Purpose: Transient loop ileostomies in rectal cancer surgery are generally closed after 2 or more months to allow adequate time for anastomotic healing. Maintaining the ileostomy may cause medical, surgical, or psychological complications; it also reduces the quality of life, and increase treatment costs. We performed this study to evaluate the safety and feasibility of early ileostomy closure 2 weeks postoperatively.
Methods: If a patient who underwent total mesorectal excision had 2 or more risk factors for anastomotic leakage, a loop ileostomy was created. After confirmation of intact anastomosis via sigmoidoscopy and proctography 1 week postoperatively, the patient was enrolled and ileostomy was closed 2 weeks postoperatively. The primary endpoint was the frequency of complication after ileostomy repair.

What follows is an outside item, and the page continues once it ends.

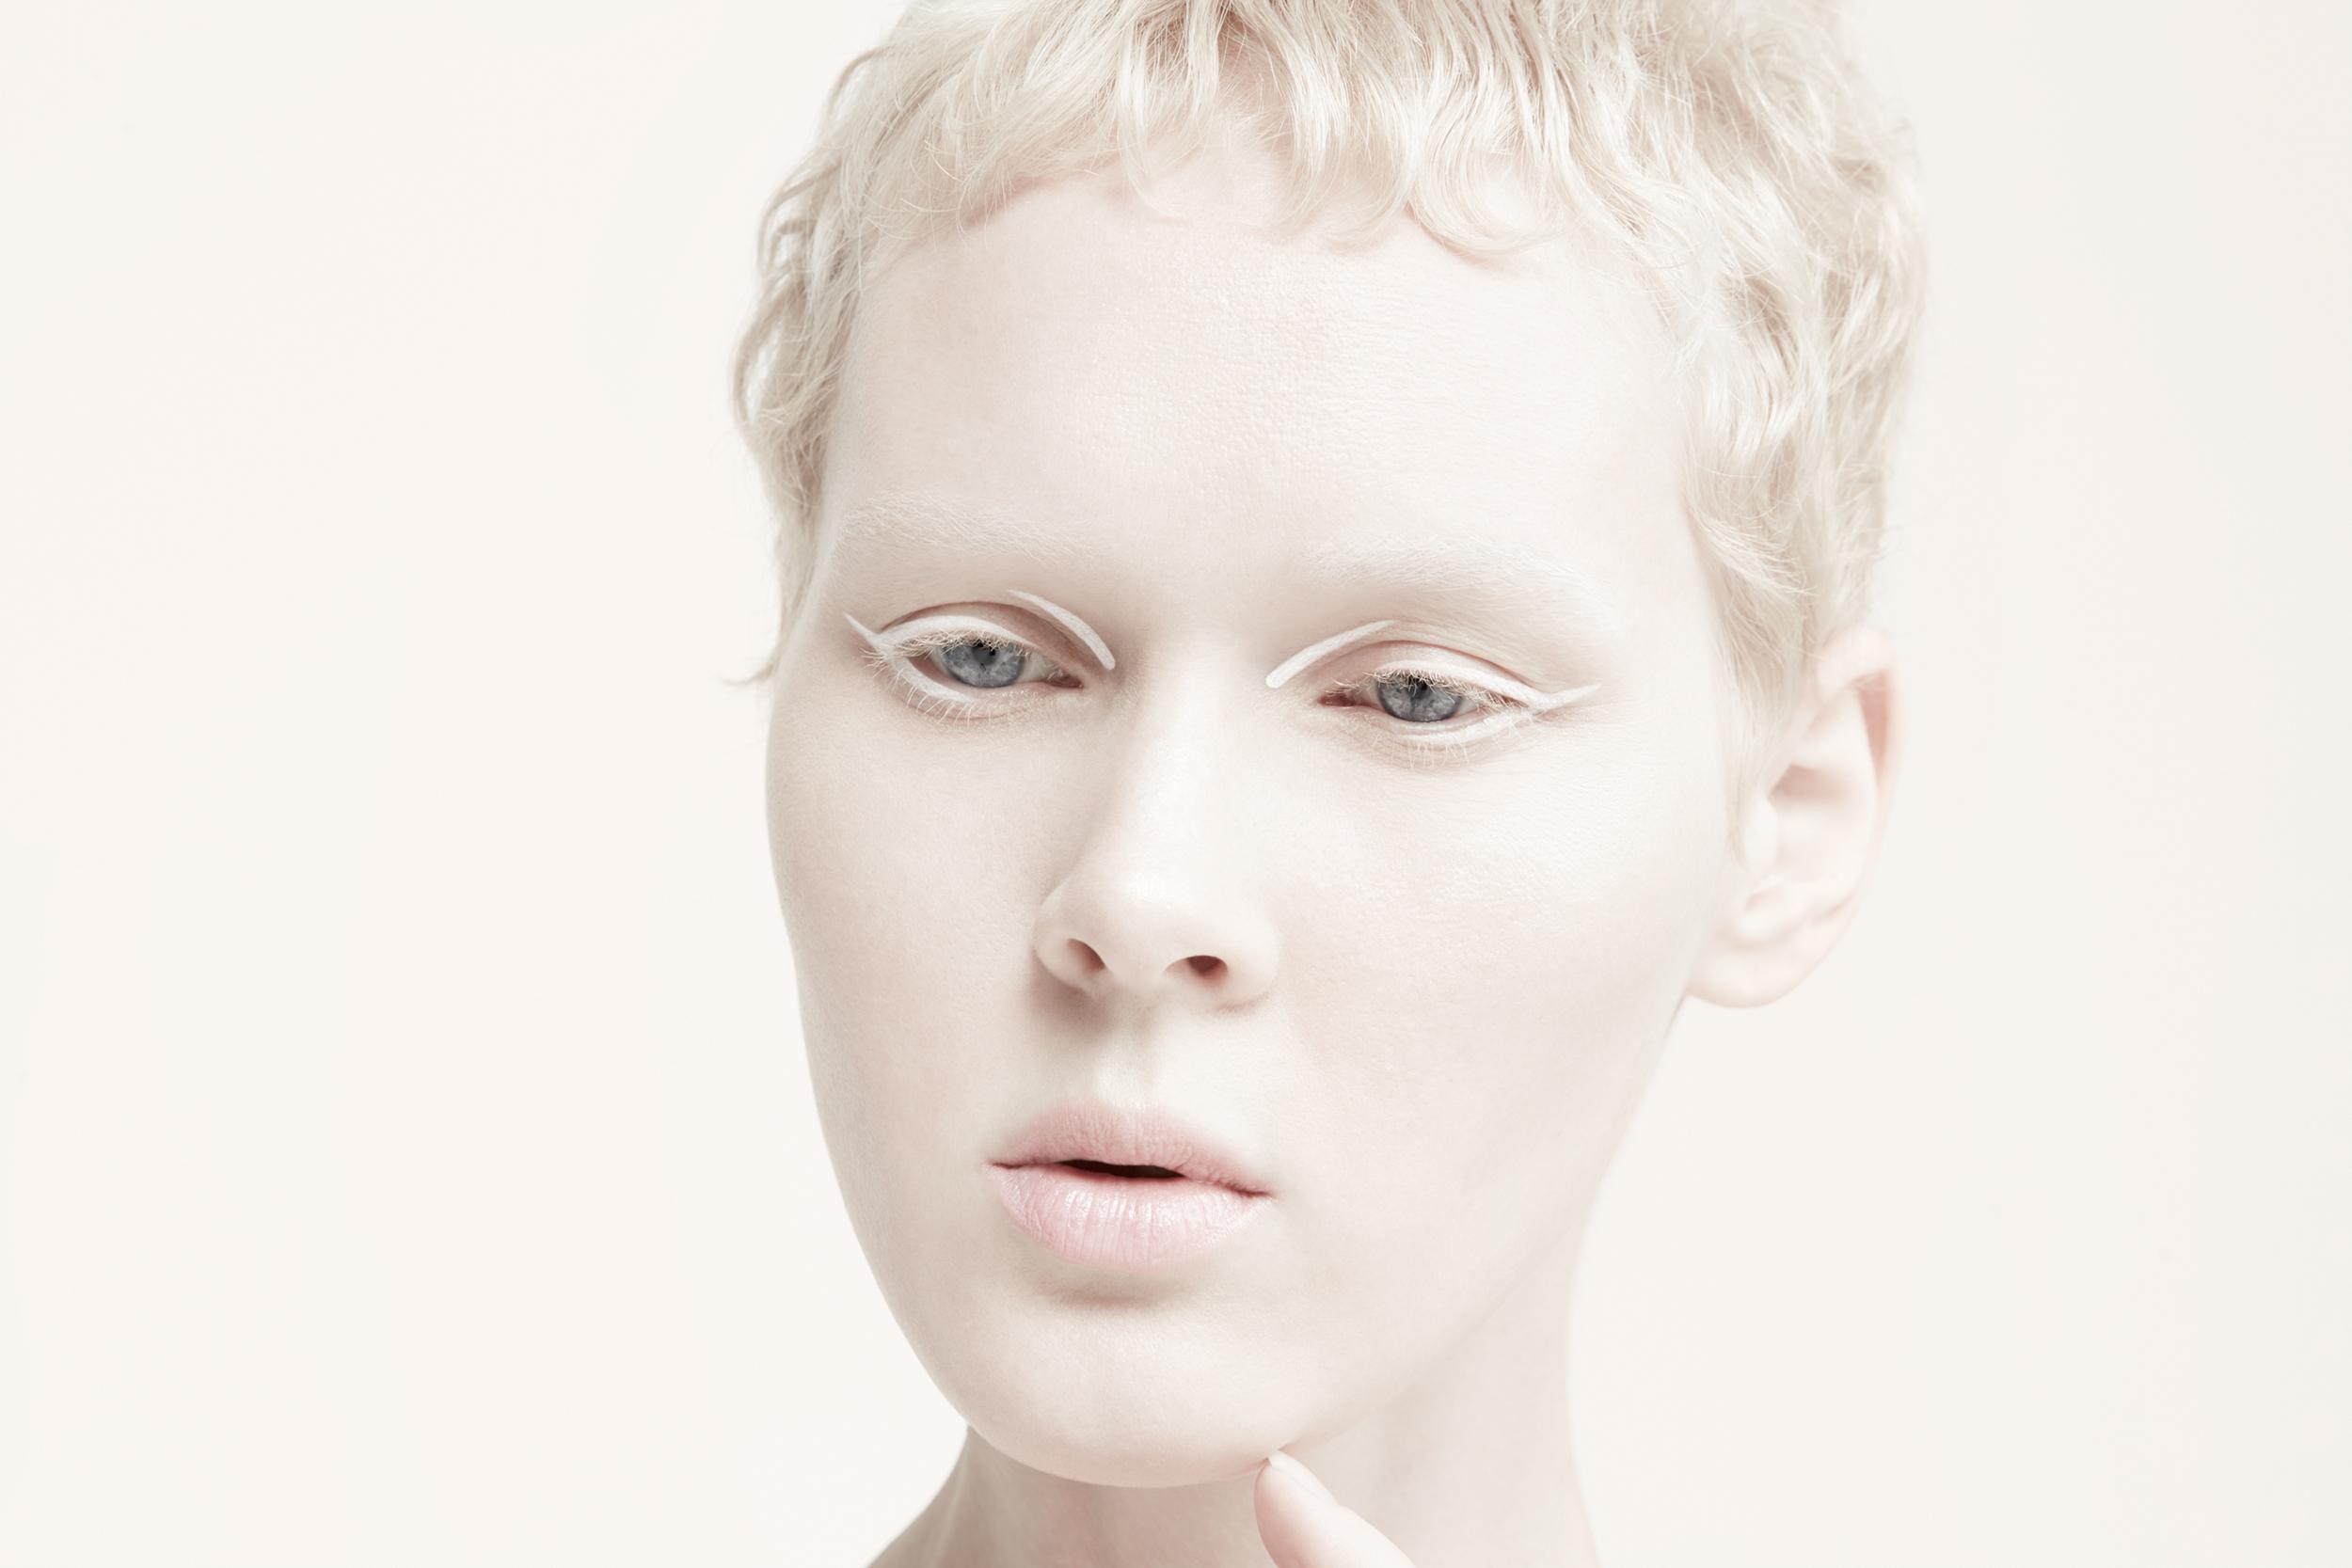 Photography by  Martina Tolot   Model:  Annie Montgomery  @  Photogenics LA   Makeup by  Alexa N. Hernandez  @  Wilhelmina LA  using  MAC Cosmetics

Results: Thirty patients were enrolled in the study and 6 were excluded due to anastomotic leakage. Except for 1 case of wound infection (4.2%), no patient experienced any complication including newly developed leakage after the ileostomy closure. The mean duration to repair was 13.1 days (range, 8-16 days) and mean duration to the start of adjuvant treatment after radical surgery was 5.37 weeks (range, 3.0-8.1 weeks).
Conclusion: Transient loop ileostomy, which is confirmed to be intact endoscopically and radiologically, can be safely closed 2 weeks postoperatively without requiring a significant delay in adjuvant chemotherapy.